[Exercise data]

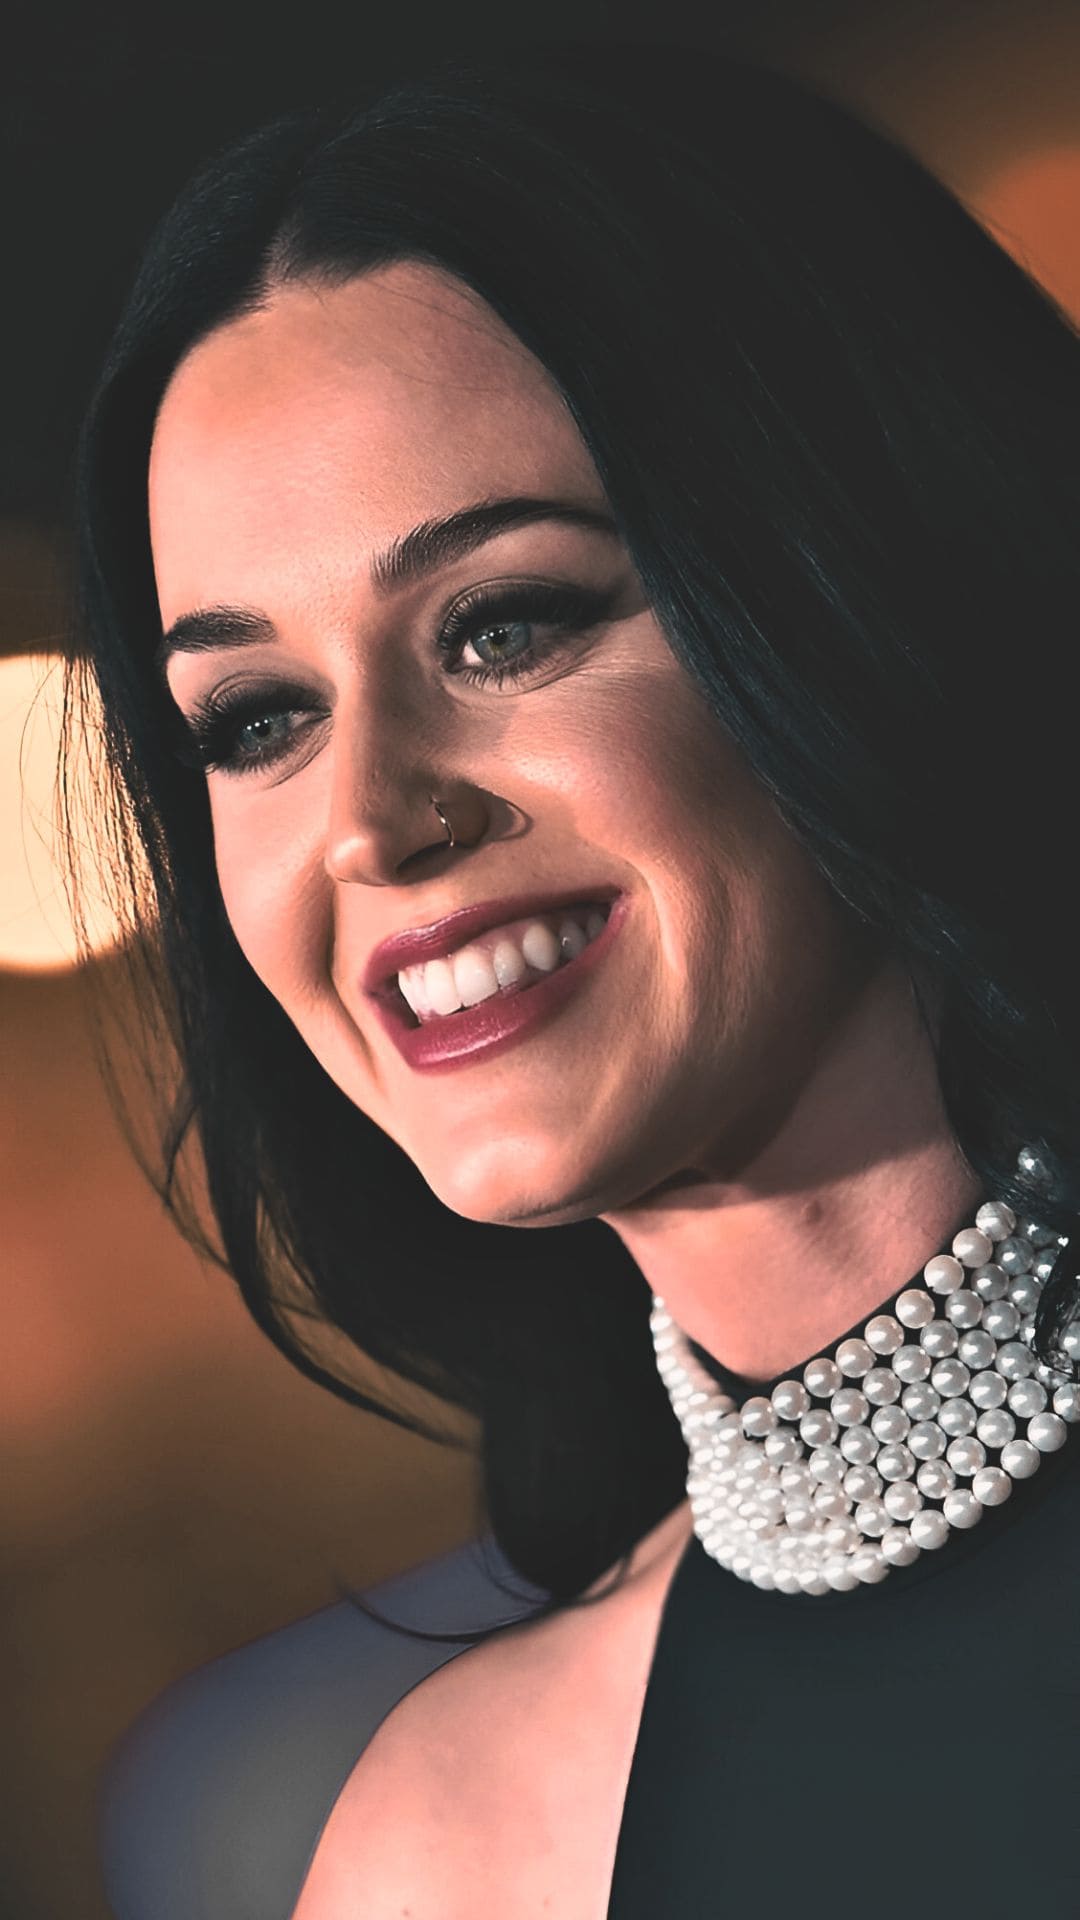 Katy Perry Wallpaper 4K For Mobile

--

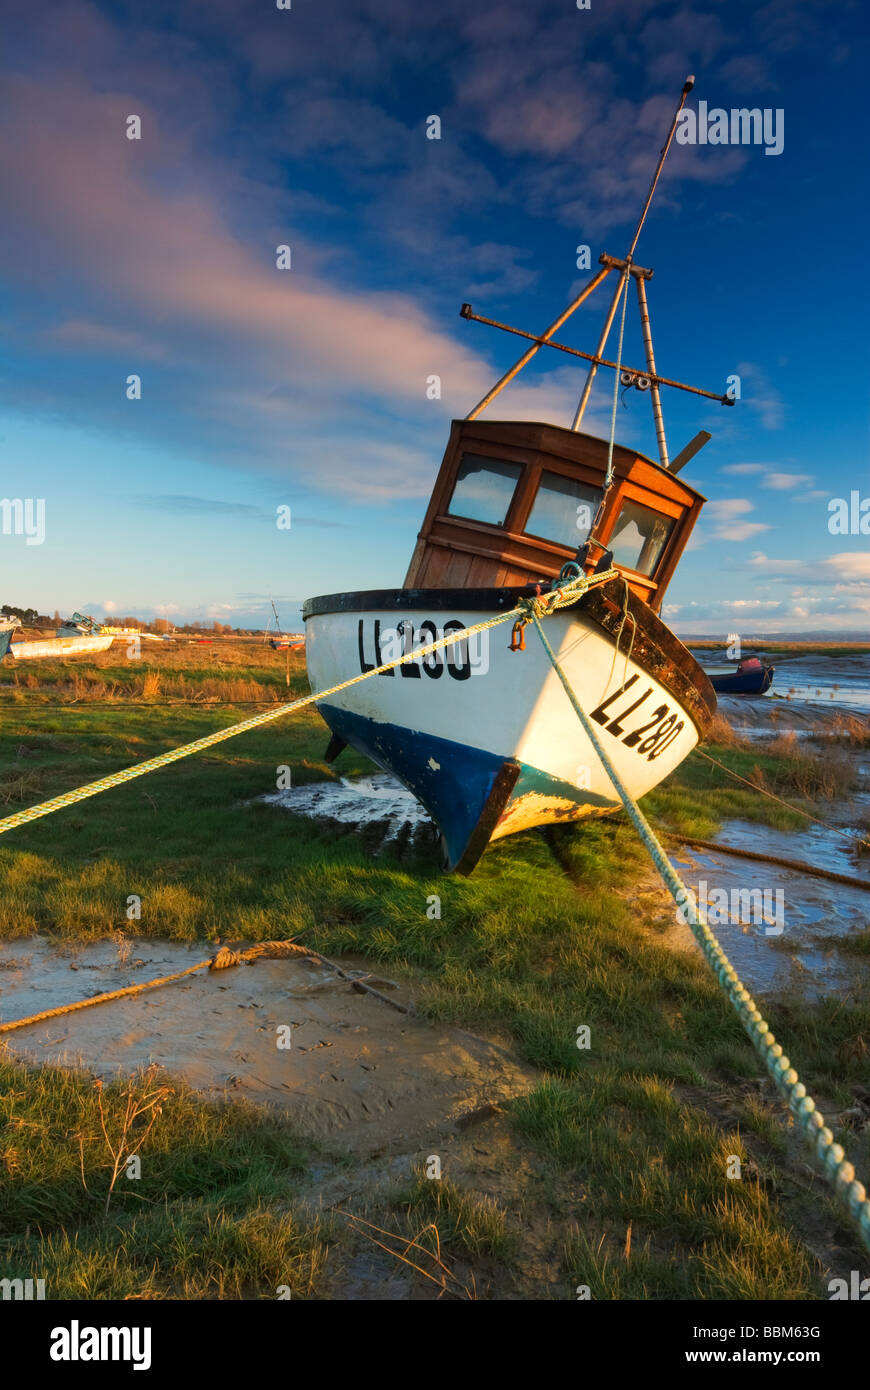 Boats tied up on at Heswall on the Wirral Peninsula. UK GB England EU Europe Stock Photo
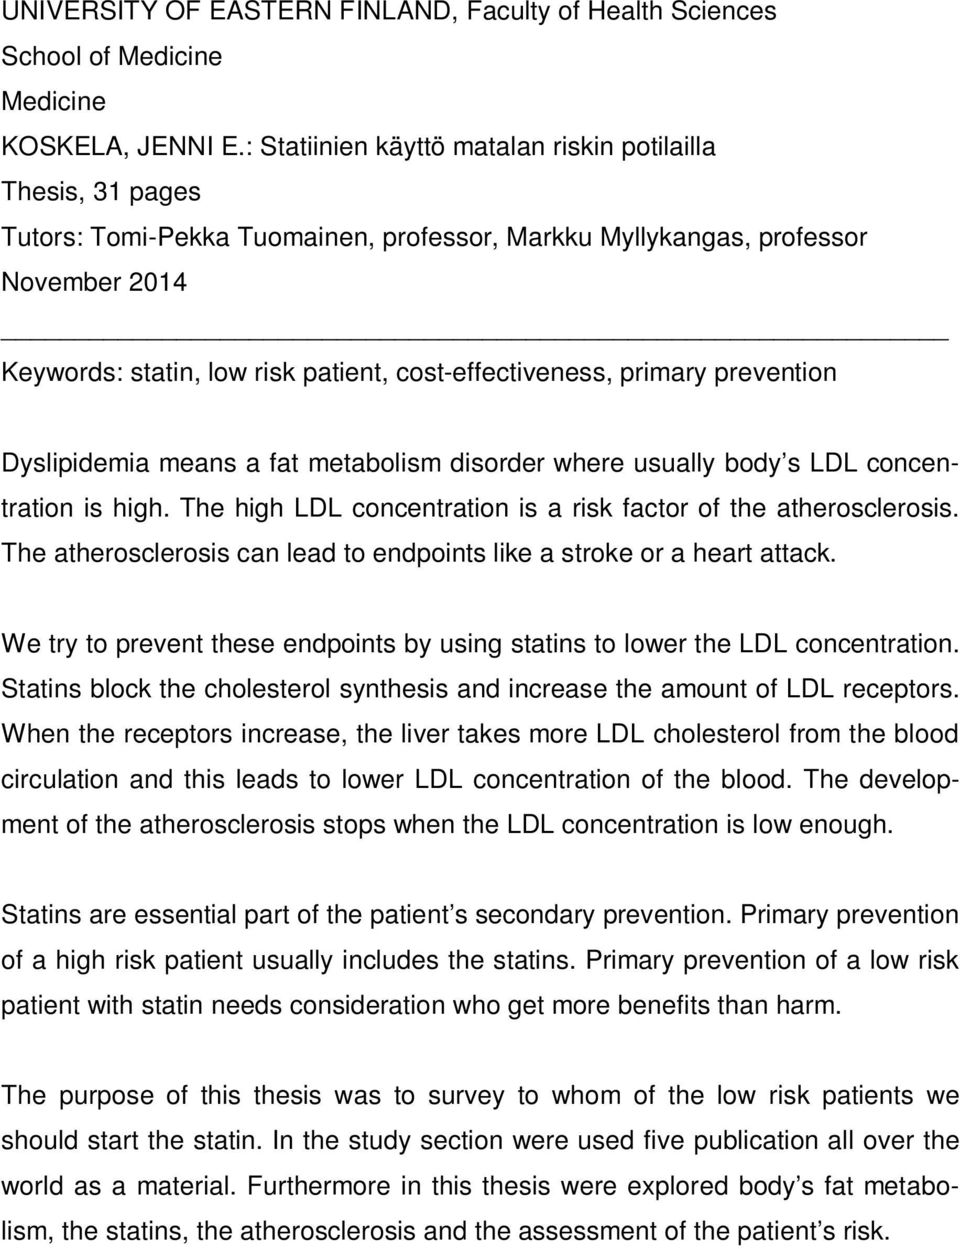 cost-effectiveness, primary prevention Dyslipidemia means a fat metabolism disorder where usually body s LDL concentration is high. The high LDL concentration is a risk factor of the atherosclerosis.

==

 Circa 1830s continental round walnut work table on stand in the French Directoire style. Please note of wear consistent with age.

[About this exercise]
Set down, exactly as written above, each line from the one with "Boats tied up" through the one with "cost-effectiveness, primary prevention", and skip the pictures.

[Output for this exercise]
 Boats tied up on at Heswall on the Wirral Peninsula. UK GB England EU Europe Stock Photo
 cost-effectiveness, primary prevention Dyslipidemia means a fat metabolism disorder where usually body s LDL concentration is high. The high LDL concentration is a risk factor of the atherosclerosis.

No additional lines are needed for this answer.